→ **TASK ITEM**
Return exactly the lines below, starting with the one that has "The Accounts Twitter" and going on through the one that has "50000 100000150000200000250000300000".

→ **MATERIAL FOR THIS TASK**
○ ○ ○ ○ ○ ○ ○

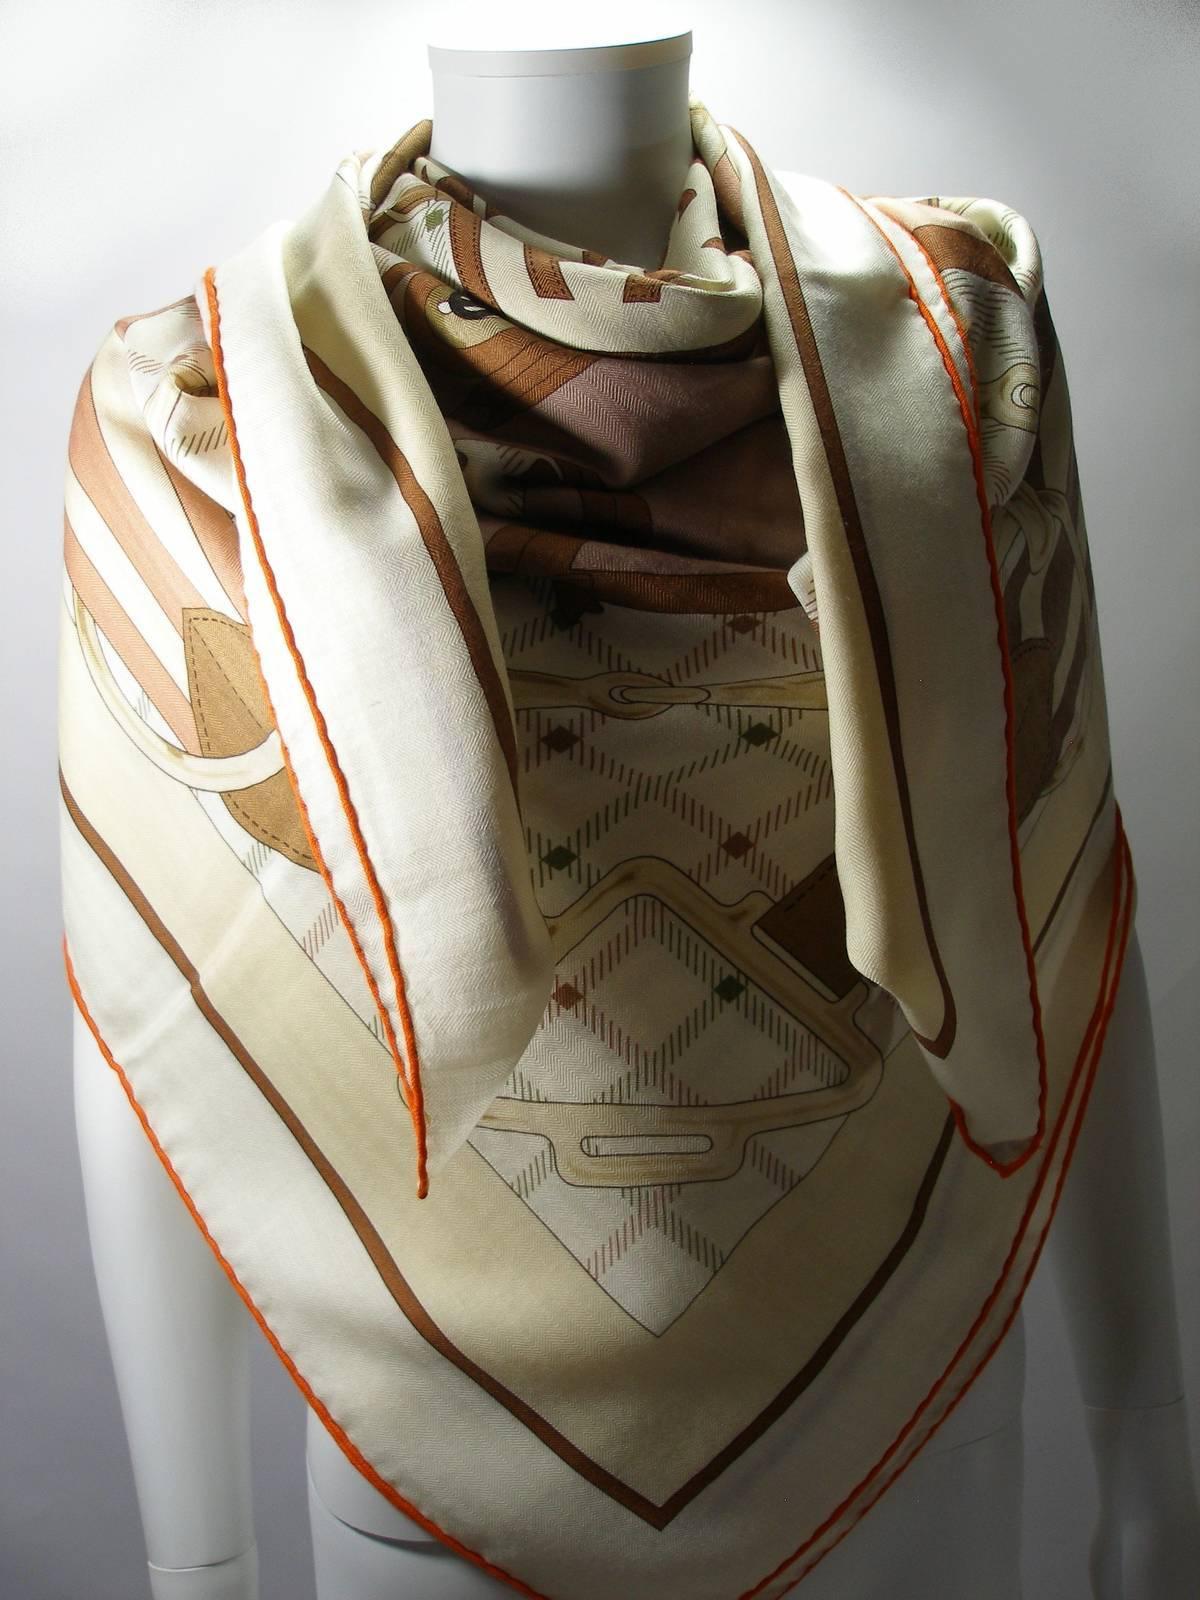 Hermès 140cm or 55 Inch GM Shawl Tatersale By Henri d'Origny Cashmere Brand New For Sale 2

○ ○ ○ ○ ○ ○ ○

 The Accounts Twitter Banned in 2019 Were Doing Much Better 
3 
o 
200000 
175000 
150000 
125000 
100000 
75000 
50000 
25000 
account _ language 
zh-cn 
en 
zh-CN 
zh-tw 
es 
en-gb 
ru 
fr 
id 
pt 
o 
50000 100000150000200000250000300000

○ ○ ○ ○ ○ ○ ○

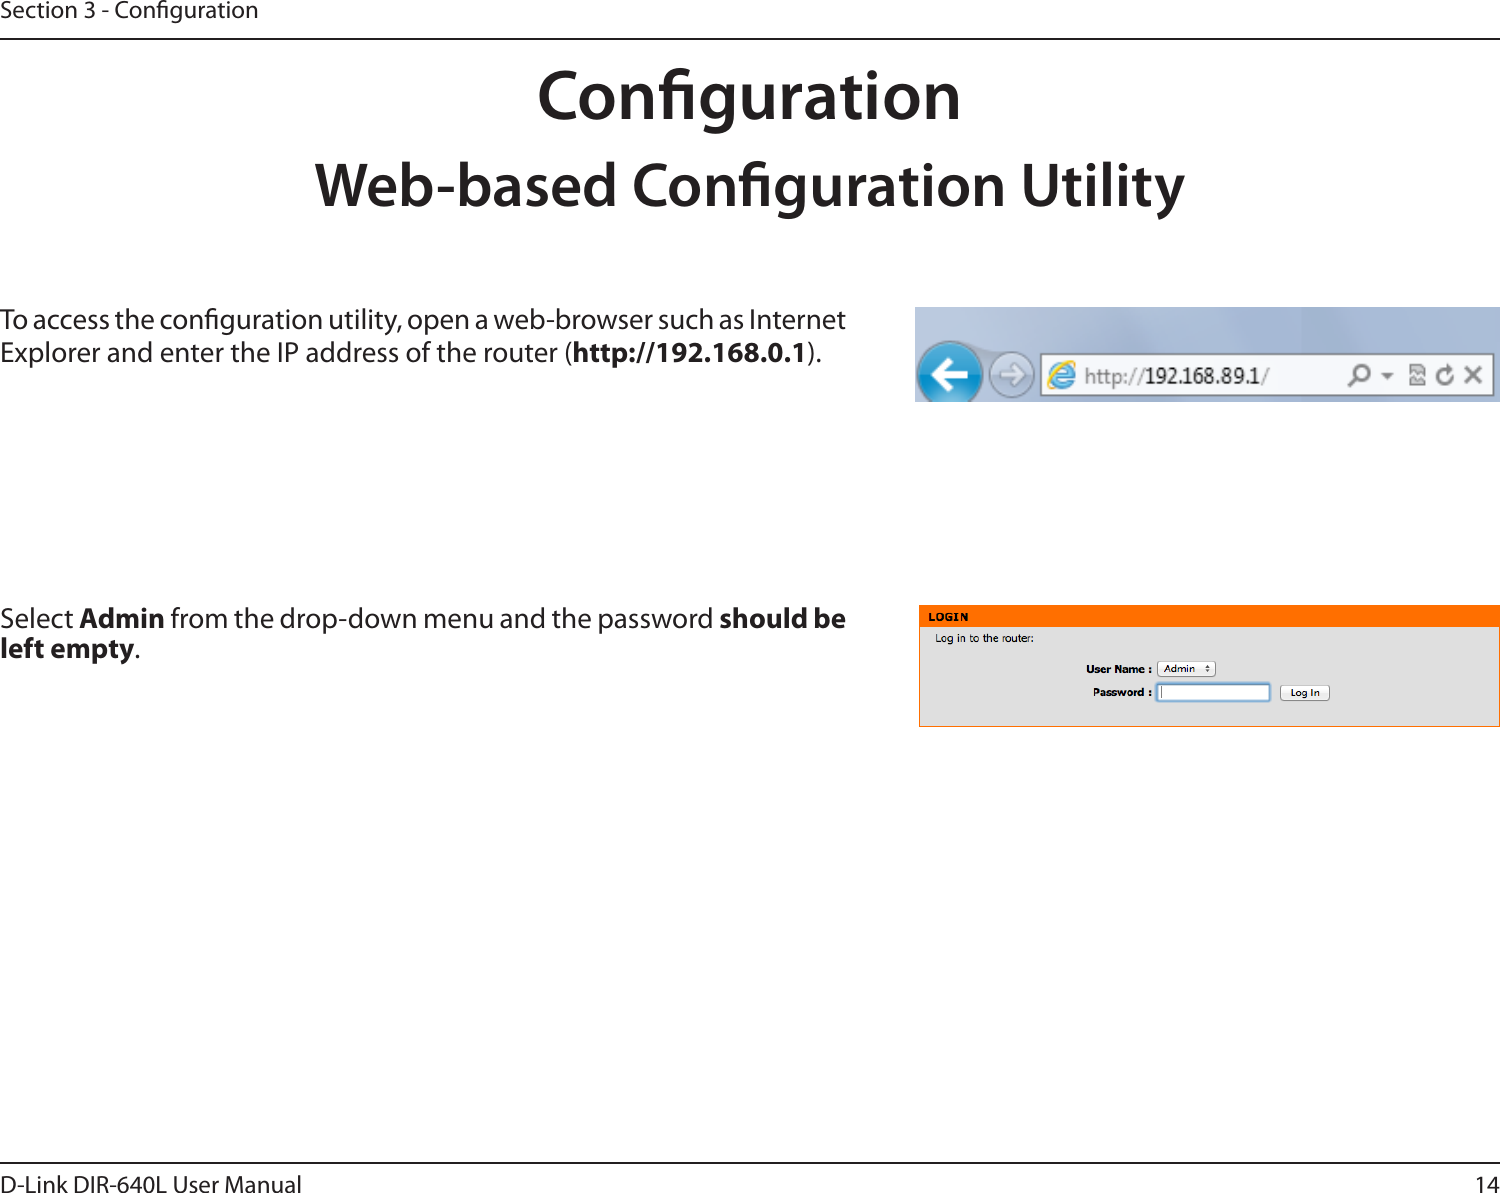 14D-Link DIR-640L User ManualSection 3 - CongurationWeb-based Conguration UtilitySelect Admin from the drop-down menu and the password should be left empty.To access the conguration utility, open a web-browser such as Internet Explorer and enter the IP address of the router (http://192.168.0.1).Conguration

○ ○ ○ ○ ○ ○ ○

→ **RESULT BELOW**
 The Accounts Twitter Banned in 2019 Were Doing Much Better 
3 
o 
200000 
175000 
150000 
125000 
100000 
75000 
50000 
25000 
account _ language 
zh-cn 
en 
zh-CN 
zh-tw 
es 
en-gb 
ru 
fr 
id 
pt 
o 
50000 100000150000200000250000300000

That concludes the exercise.